Амалия кротко предположила, что маэстро Беренделли не так прочел знаки всемогущей судьбы, которые она оставляет на наших ладонях. В конце концов, человеку свойственно ошибаться, и теперь, когда маэстро убит, было бы грешно сердиться на него за оплошность.
— Скажите, — спросила затем баронесса Корф, — вы хорошо знаете Анну Владимировну?
Евдокия Сергеевна торжественно поклялась, что они всегда были лучшими подругами, и с любопытством уставилась на Амалию. «Неужели баронесса подозревает эту недалекую особу?» — было написано на лице почтенной советницы.
— А правда, что Анна Владимировна хотела, чтобы ее сын женился на своей кузине? — продолжала Амалия.

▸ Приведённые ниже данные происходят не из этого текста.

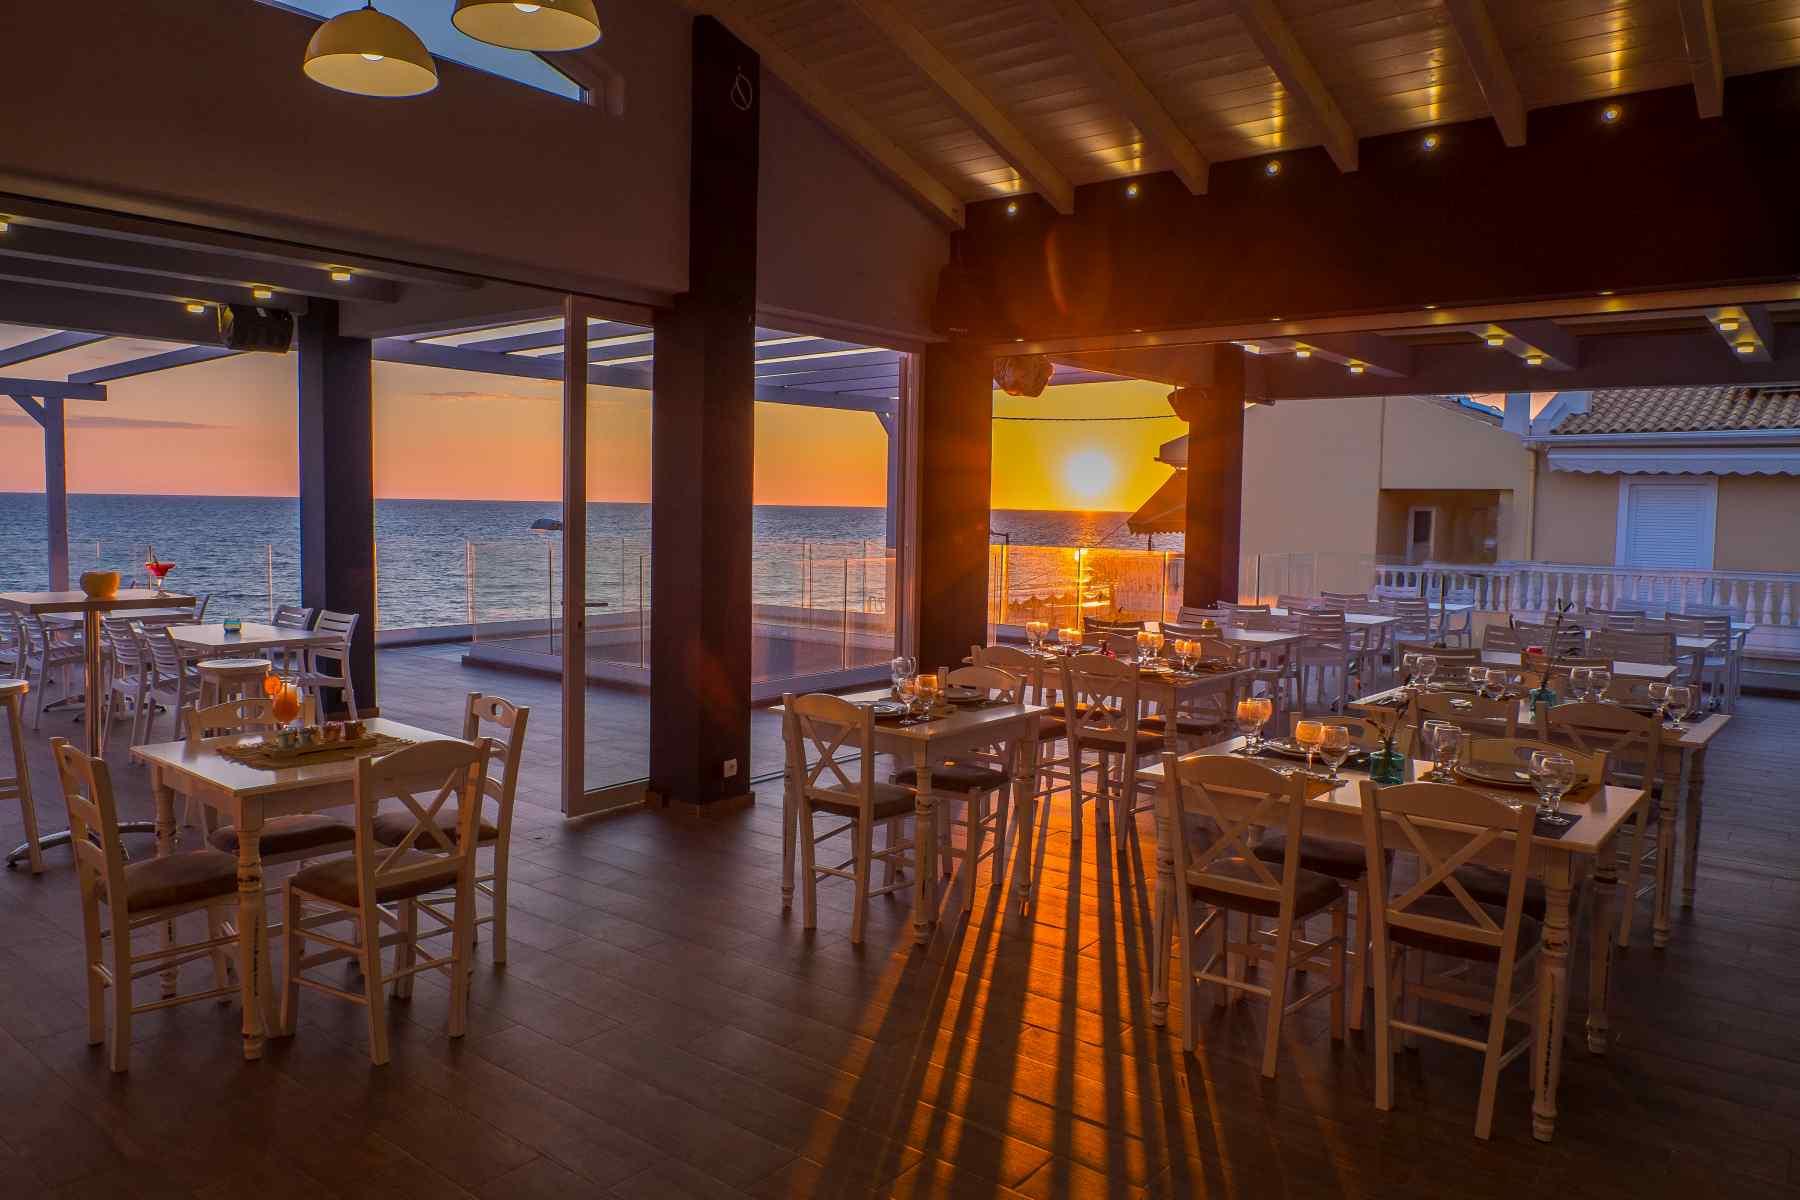 Must Boutique Hotel, Ξενοδοχείο στο Κανάλι Πρέβεζας, Μοναδική θέα από το εστιατόριο

Евдокия Сергеевна подтвердила, что именно так. В душе она ликовала. Наконец-то разговор с малоприятной темы убийства свернул на более привычную дорожку сплетен. Госпожа Лакунина не сомневалась, что Амалия просто собирает сведения о той, которая возымела весьма предосудительное, с точки зрения баронессы, желание стать второй женой господина Корфа.
— Однако генерал Мезенцев был против, — притворно вздохнула Евдокия Сергеевна. — Он сказал, что браки между близкими родственниками — чушь и блажь. На самом деле, конечно, он счел, что Анна Владимировна… — Тут тайная советница «повесила» многозначительную паузу.

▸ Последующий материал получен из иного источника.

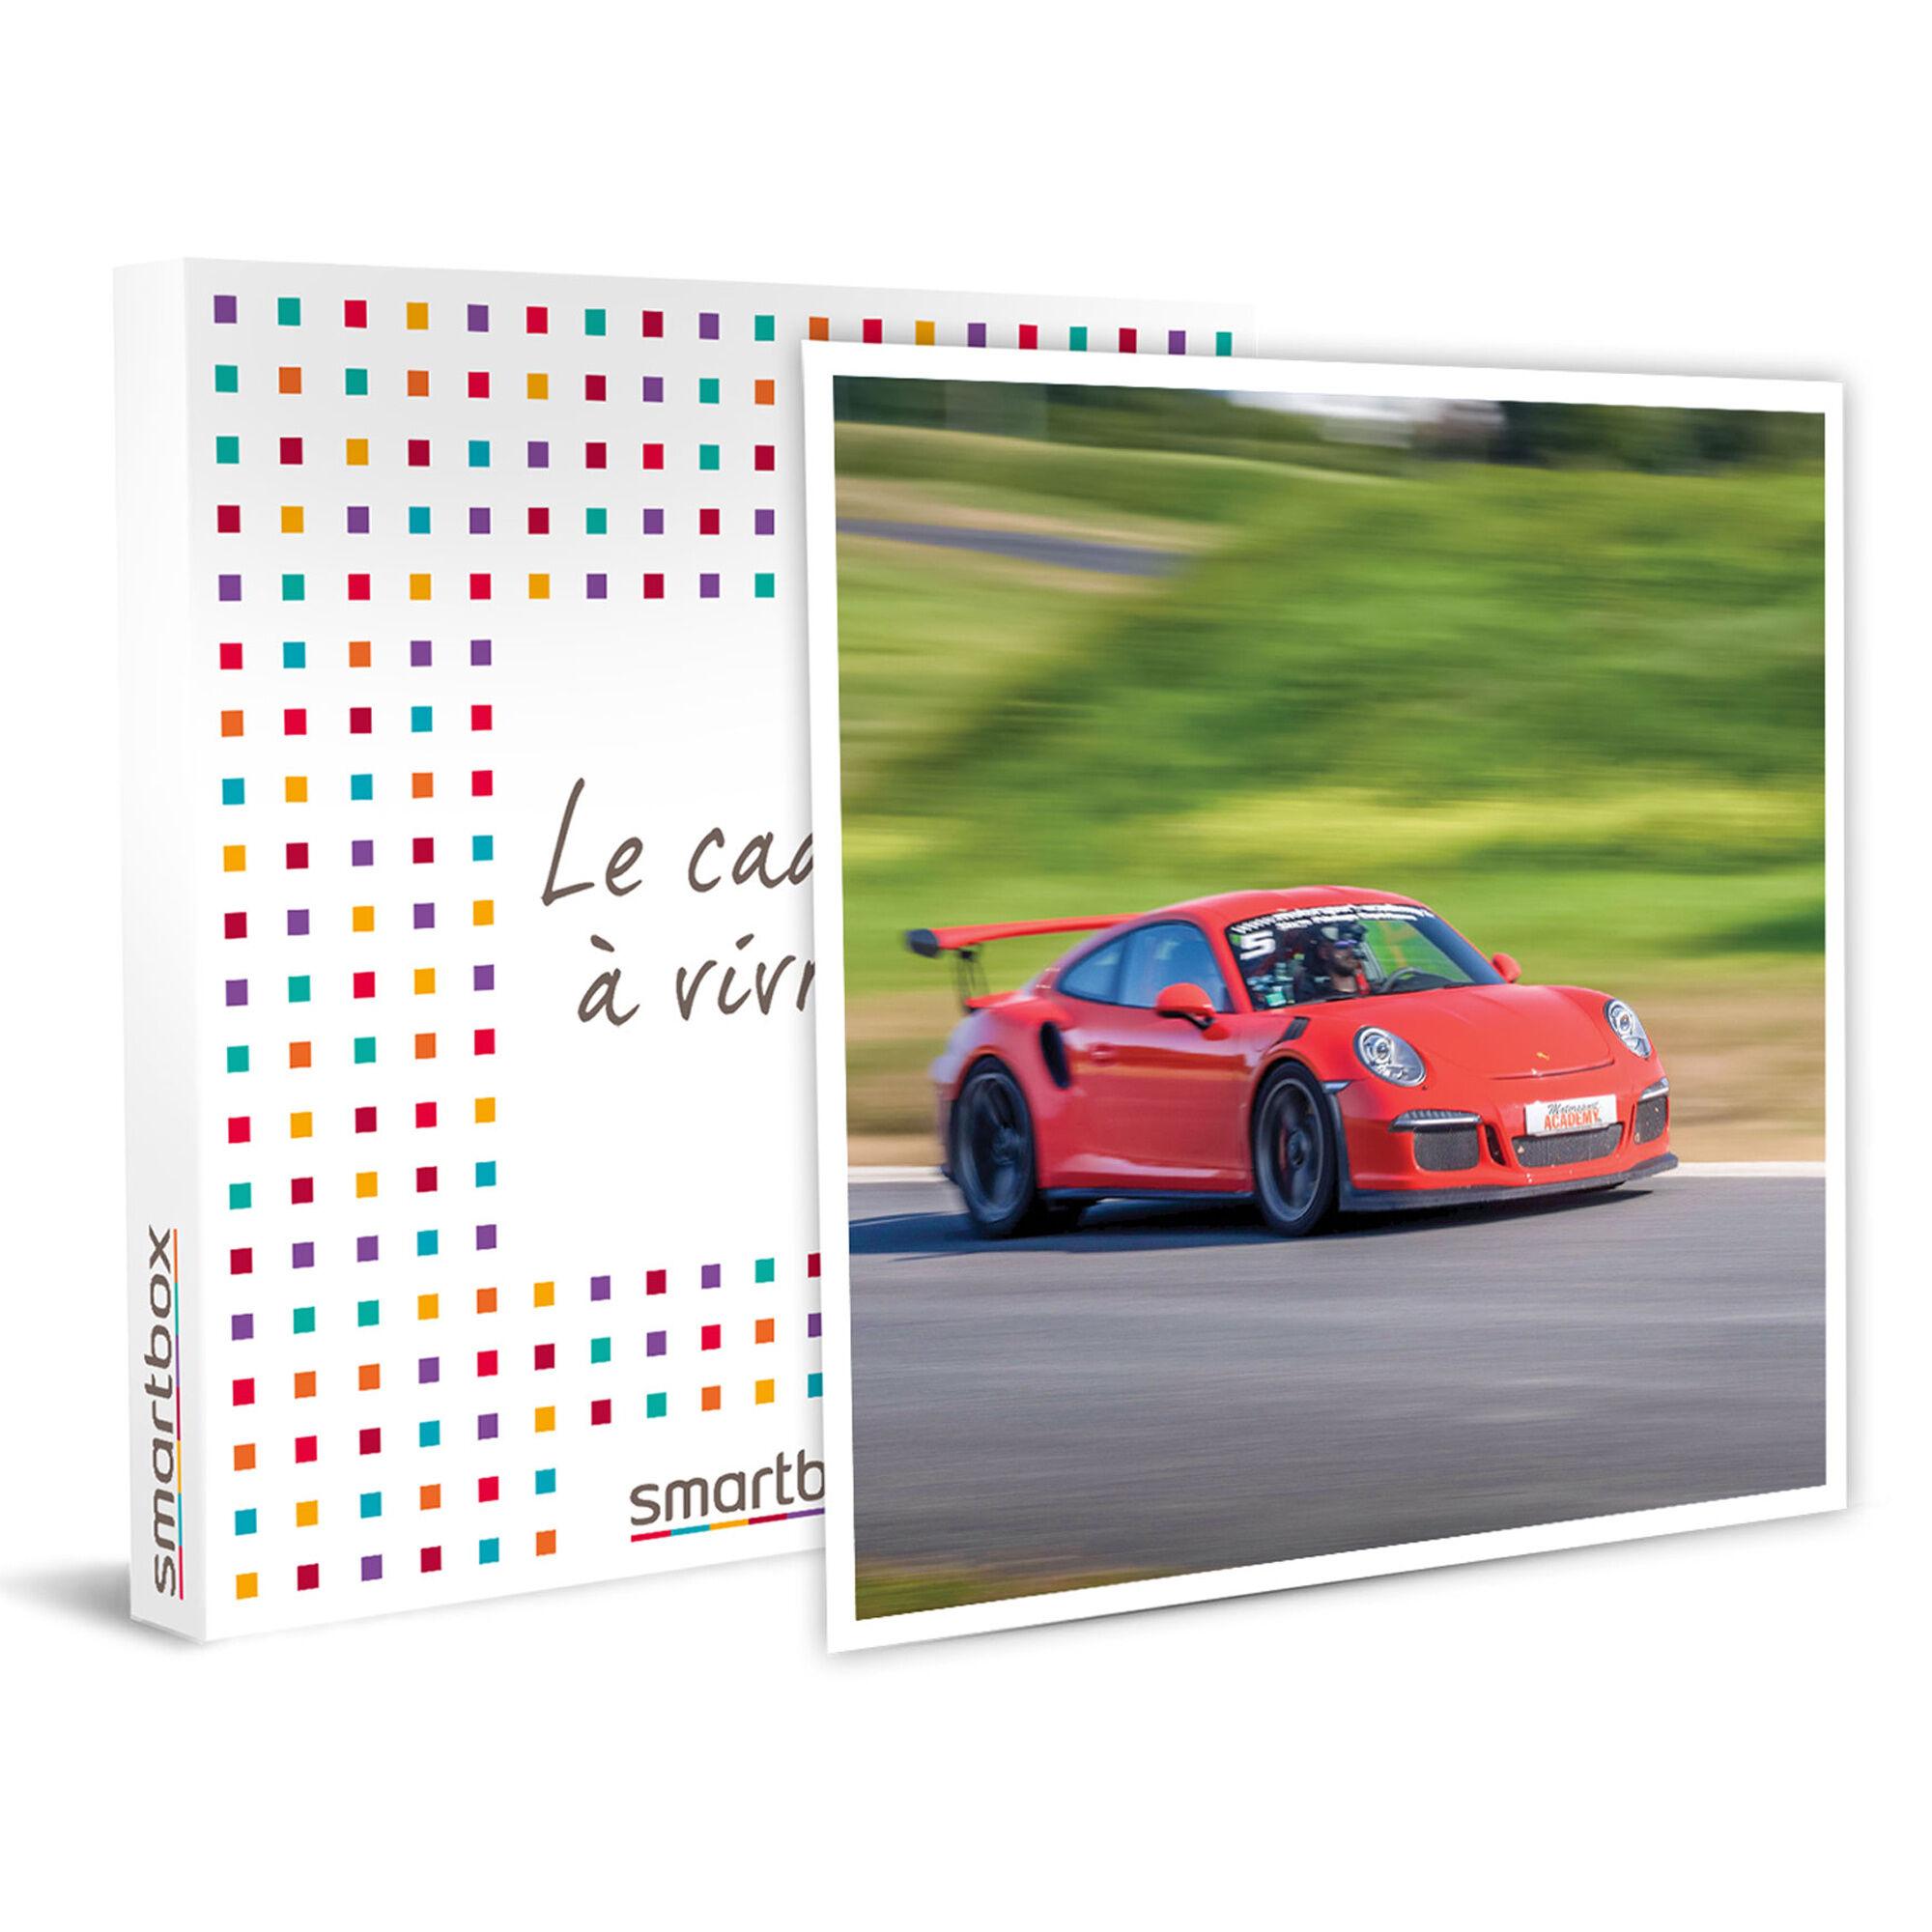 Smartbox Session de 2 tours sur circuit en Porsche GT3 RS Coffret cadeau Smartbox

— Что Анна Владимировна? — с любопытством, подыгрывая собеседнице, спросила Амалия. Неутомимость сплетников, их ненасытность всегда поражали ее.
— Да просто это мезальянс, — объявила Евдокия Сергеевна. — Анна Владимировна, конечно, душечка, но она же была круглой сиротой. Ее отец умер еще до ее рождения, а мать — когда она была совсем маленькой. Аннушка воспитывалась у тетки, которая и устроила ее брак с Павлом Петровичем. Конечно, Аннушка — прекрасная хозяйка, заботливая, внимательная, но ее воспитание… оно, знаете ли, оставляет желать лучшего. Так что нельзя осуждать генерала Мезенцева, что он пожелал для своей дочери более блестящую партию.
— Действительно, — покладисто согласилась Амалия. — А теперь, если не возражаете, мне бы хотелось услышать историю, которая произошла в ведомстве вашего мужа. Кажется, там был замешан некто Васильчиков.
Когда Евдокия Сергеевна вернулась в большую гостиную, даже платье ее шелестело с каким-то особенным возмущением.
— Что с тобой, дорогая? — тревожно спросил Иван Андреевич.
Евдокия Сергеевна мрачно поглядела на него и отвернулась.
— Она спрашивала меня о Васильчикове.
Усы тайного советника поникли. Вот ведь чертовщина! Хоть и повысили его, и перевели в столицу, а теперь получается так, что ему все равно вовек не отмыться от той неприятной истории. Видит бог, он никогда не был деспотичным начальником, но почему-то почти все, кто работал с ним, поспешили от него отмежеваться, едва возникла угроза его чести и репутации. Все знали, что он неспособен на то, в чем его обвиняют, и тем не менее никто, ни один человек, кроме Павла Петровича, не посмел поднять голос в его защиту. Иван Андреевич вспомнил Васильчикова, его вызывающую веселость и развязные манеры.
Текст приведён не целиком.